Here's a problem which I am at a loss to diagnose:
Our user home directories are served via NFS from an Apple XServe running Mac OS X 10.5.7. Normally they are exported to our default office subnet, "lan". Recently I have been building a new subnet, "farm". The computers on "farm" run the same OS (openSUSE 11.1, and Gentoo) as the ones on "lan", and the software versions are the same.
The problem is that when my users have been using a machine on "farm" for some time (5 minutes, sometimes 30, sometimes a full hour) the NFS mount seems to just hang. Attempting to do an ls
on the directory or anything else (such as a login, etc) that tries to access the user home directory just gets stuck. Mounts to other NFS servers from the "hung" machine seem to work as expected.
There is nothing in the logs of either the client or the server that indicates any problem. The same types of clients work just fine from the default "lan" subnet.
I've tried all sorts of different configurations of the NFS server and client (disabling/enabling kerberos, different mount options) but nothing appears to make any difference.

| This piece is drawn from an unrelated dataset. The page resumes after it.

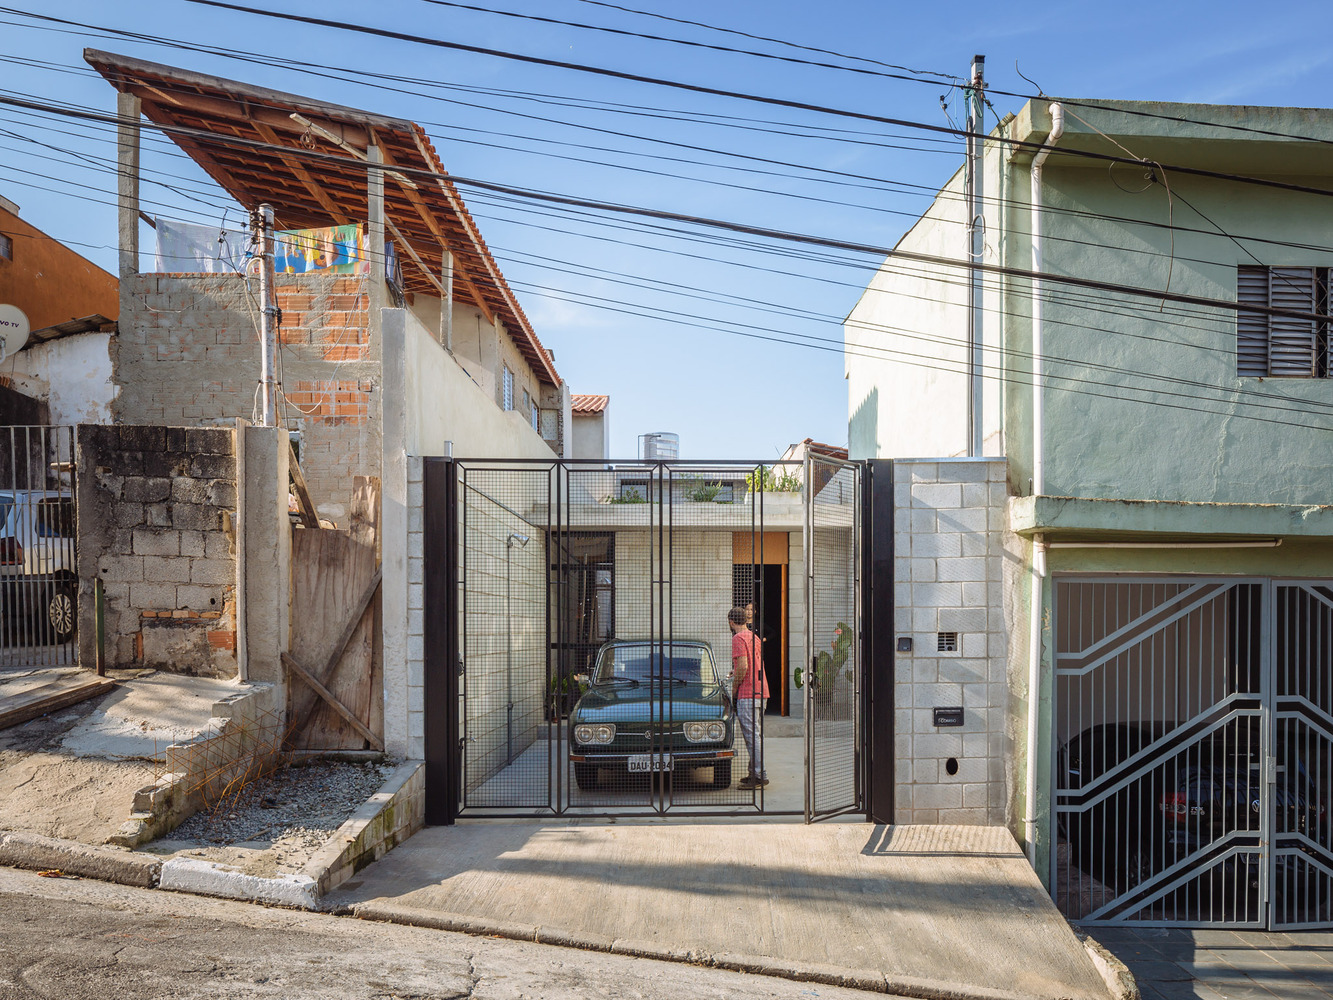 san paolo brasile casa essenziale frontiere
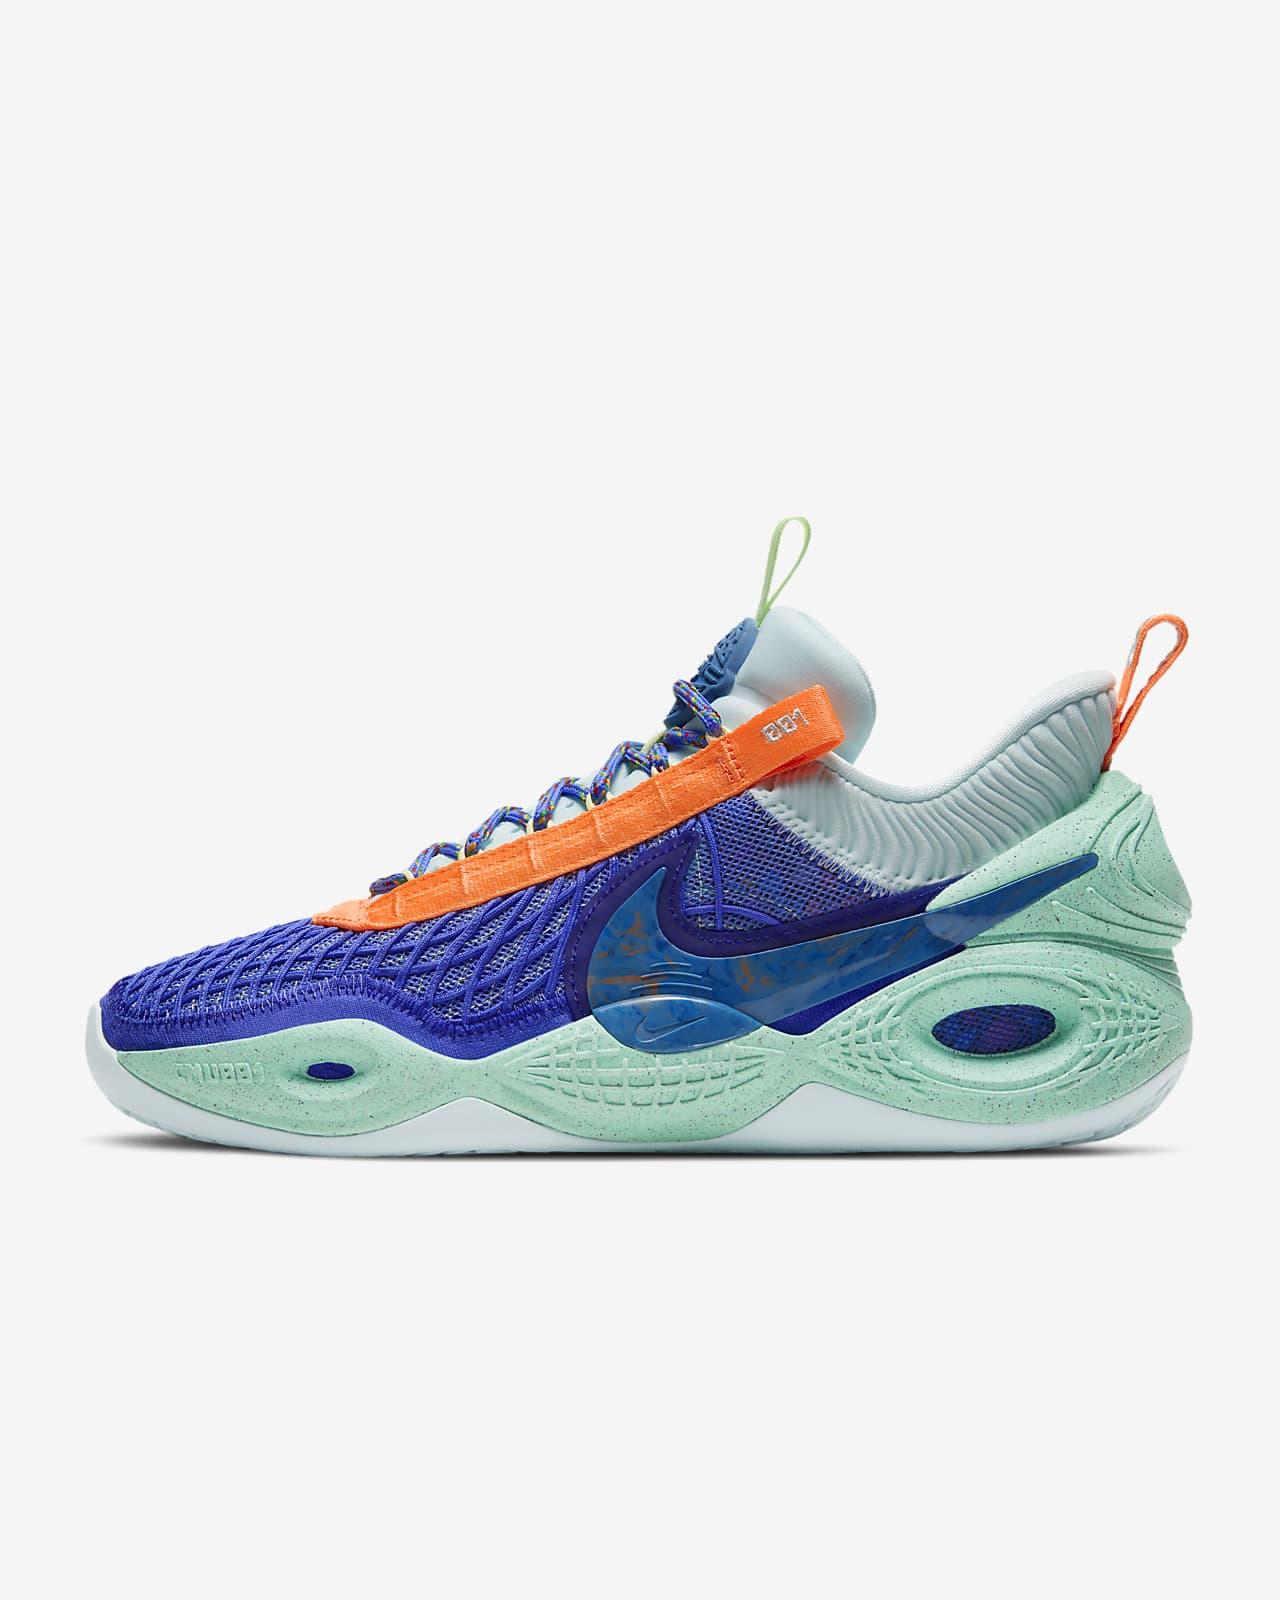 Nike Cosmic Unity 'Amalgam' Basketbalschoen

I'm strongly suspecting some network-level problems between these two subnets, perhaps some mangling by firewall/router (OpenBSD with pf as the packet filter). The connection between the two sets of machines is fairly simple:
x serve --> switch --> router --> switch --> clients
I'm pretty much at a loss as to debugging methods to try next, or what the possible solution may be. Any ideas as to how to approach this problem from this point?
Update:
Still haven't been able to resolve this. I thought I had nipped it in the bud when I disabled scrub
on the internal interfaces, but the problem has manifested itself again. What's strange is that pf seems to still be modifying some packets.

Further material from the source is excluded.